Though the aggrieved parties have been notified, and the NCIIPC (National Critical Information Infrastructure Protection Centre) is looking at the issue, what this means is that digital information is a minefield susceptible to all kinds of threats from criminals as well as foreign adversaries, along with being commercially exploited by major conglomerates.

Till August 2017 alone, around 37 incidents of ransomware attacks have been reported, including the notorious WannaCry attacks. But what makes the attacks very, very threatening is the government's insistence — illegal at that — to link Aadhaar with every service, and create a centralised nodal, superior network of all networks.

This "map of maps" has been rightly called out as a potential national security threat, as it makes a huge reservoir of data vulnerable to cyberthreats from mercenaries, the digital underworld and foreign adversaries.

A widely circulated report prepared by the Centre for Internet and Society (CIS) underlined the major flaws in the 2016 Aadhaar Act, that makes it vulnerable to several digital threats. Photo: Reuters

A widely circulated report prepared by the Centre for Internet and Society (CIS) underlined the major flaws in the 2016 Aadhaar Act, that makes it vulnerable to several digital threats. Photo: Reuters

That the data dump in the digital black market provides access to entire servers for a meagre sum of Rs 42 lakh, as mentioned in the report, is a sign of how insecure our personal information could be on the servers of the biggest government organisations and commercial/online retail giants. This includes the likes of Flipkart, which store our passwords, emails, phone numbers and other important information linked to our bank details and more.

Whilst UIDAI was declared a "protected system" under Section 70 of the Information Technology Act, and a critical information infrastructure, in practice, there are way too many breaches and leaks of Aadhaar data to merit that tag.

Because the current (officially thwarted) attempt to hack into these nodal databases involved the data of hundreds of millions of Indians, the matter has been dealt with the required seriousness. However, as the report states, "among the companies whose emails they found were Tata Consultancy Services, Wipro, Indian Space Research Organisation, Mastercard/Visa, Spectranet, Hathway, IDBI Bank and EY".

This is a laundry list of the biggest and most significant organisations, with massive digital footprints, which are sitting on enormous databanks. Hacking into ISRO, for example, could pose a formidable risk to India's space programmes as well as jeopardise information safety of crucial space projects that are jointly conducted with friendly countries such as Russia, China and the US.

A widely circulated report prepared by the Centre for Internet and Society (CIS) on the Aadhaar Act and its non-compliance with data protection law in India underlined the major flaws in the 2016 Aadhaar Act, that makes it vulnerable to several digital threats.

Moreover, CIS also reported how government websites, especially "those run by National Social Assistance Programme under Ministry of Rural Development, National Rural Employment Guarantee Act (NREGA) run by Ministry of Rural Development, Daily Online Payment Reports under NREGA (Governemnt of Andhra Pradesh) and Chandranna Bima Scheme (also run by Government of Andhra Pradesh) combined were responsible for publicly exposing personal and Aadhaar details of over 13 crore citizens".

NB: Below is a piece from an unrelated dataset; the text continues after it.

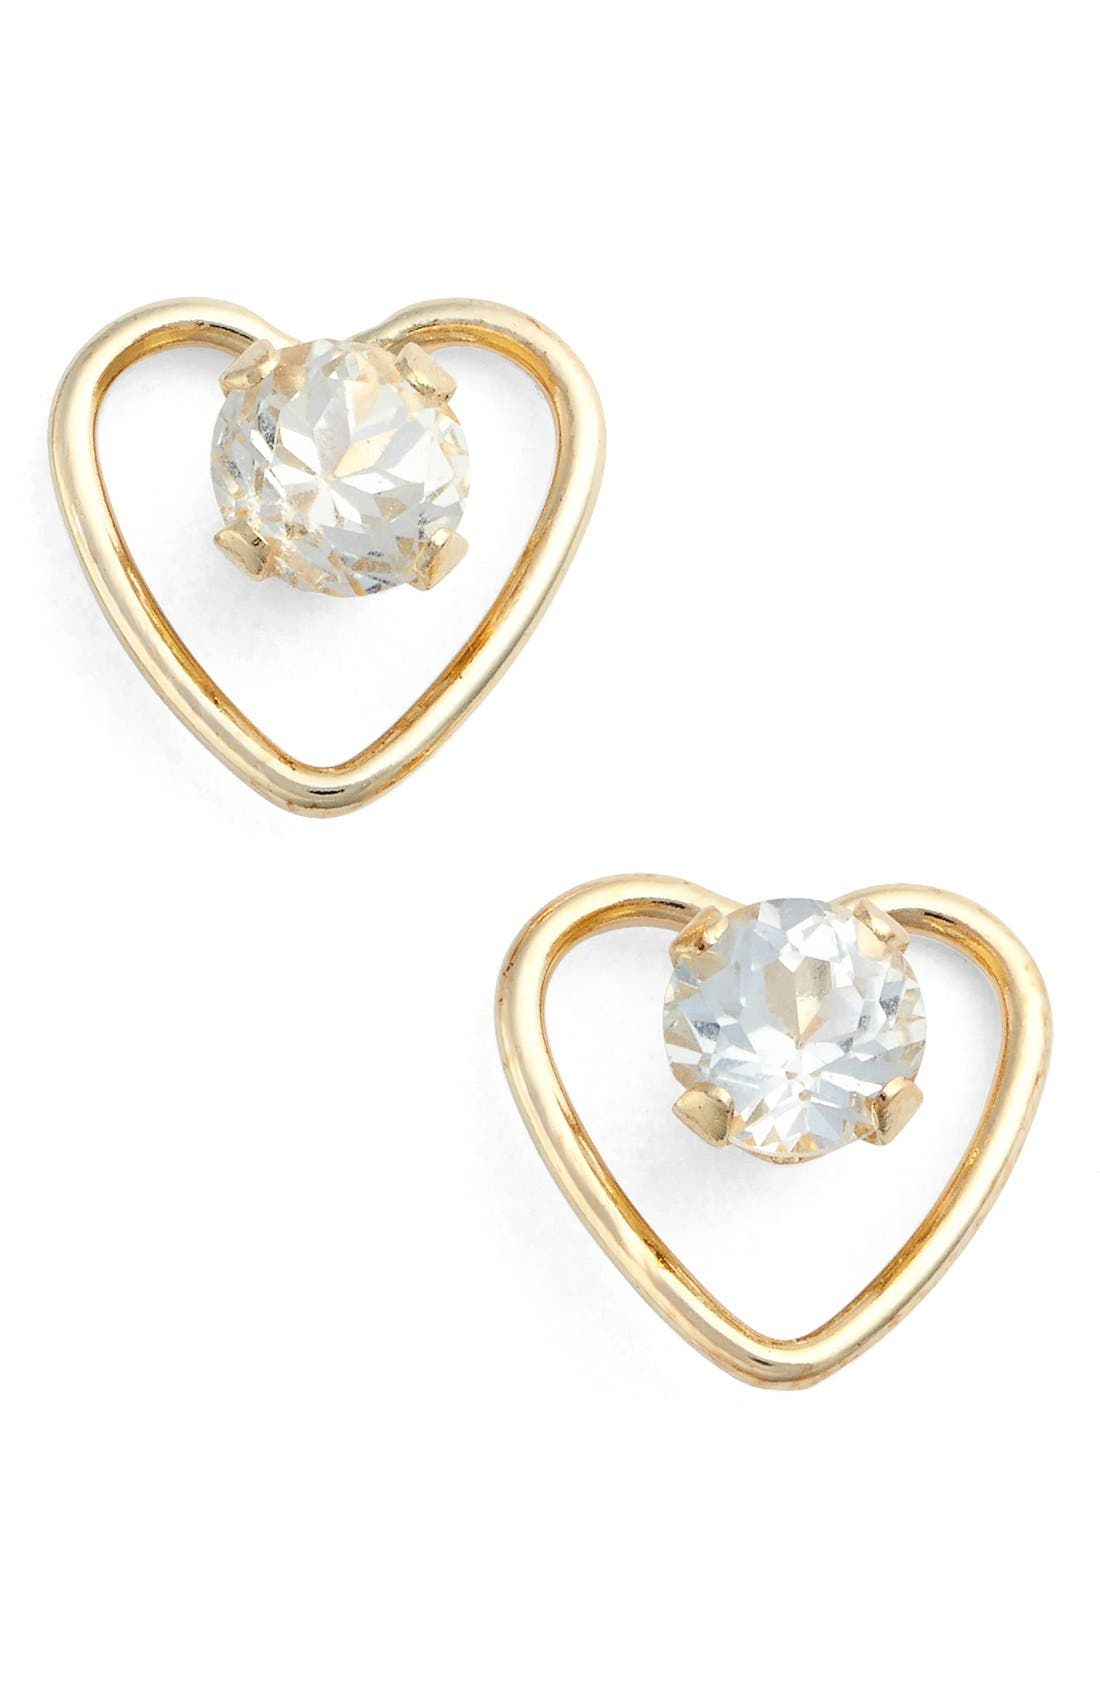 Alternate Image 1 Selected - Kardee Jewelry Cubic Zirconia Heart Earrings (Big Girls)

The government has been rather lackadaisical about the grave security threats posed by India's shaky digital infrastructure, saying it's robust when it's not: the UIDAI itself has been brushing the allegations of exclusion, data breach and leaking of data from various government and private operators' servers and there have been several documentations of the security threat as well as the human rights violations that the digital breaches pose for India's institutions and its citizens.

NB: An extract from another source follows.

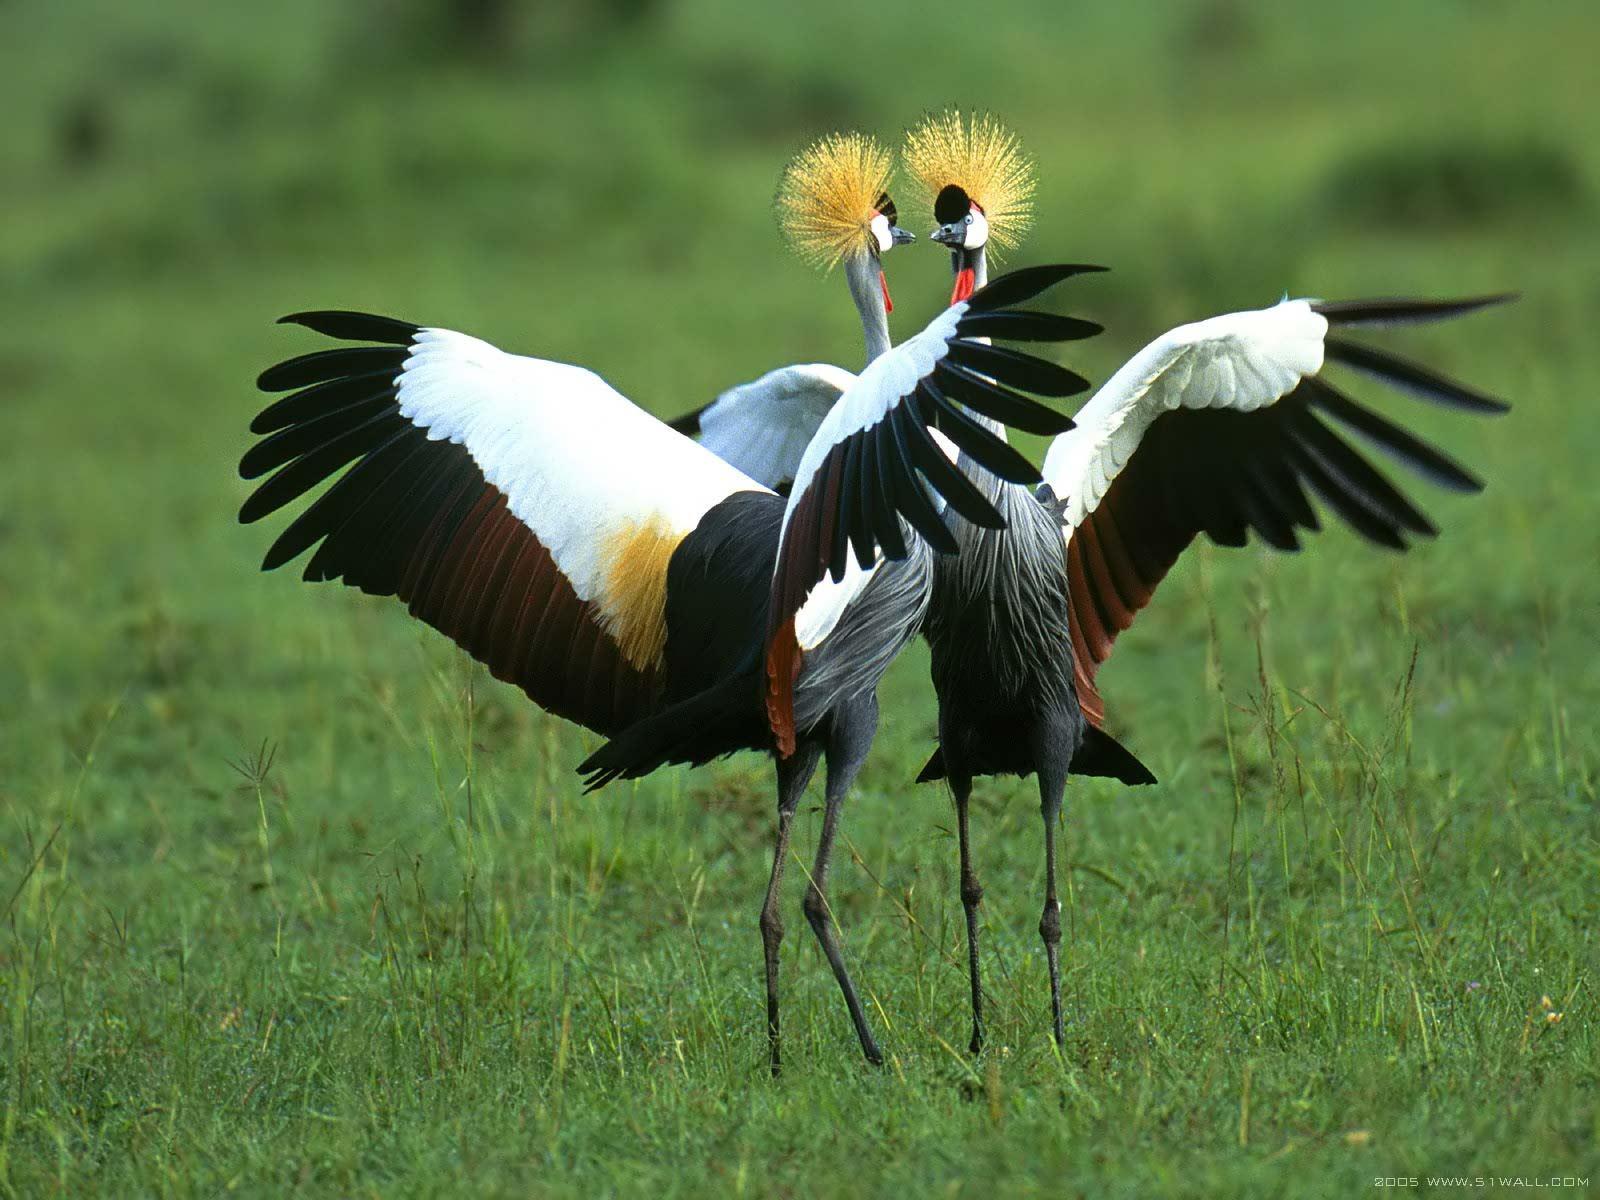 natural captured and interesting animals pictures for desktop

As noted welfare economist Jean Dreze says, "With Aadhaar immensely reinforcing the government's power to reward loyalty and marginalise dissenters, the embers of democracy are likely to be further smothered."

Even as India's jurisprudence held privacy and autonomy as supreme, Indians remain vulnerable to institutional failures and an abject lack of awareness on the gravity of digital destabilisation.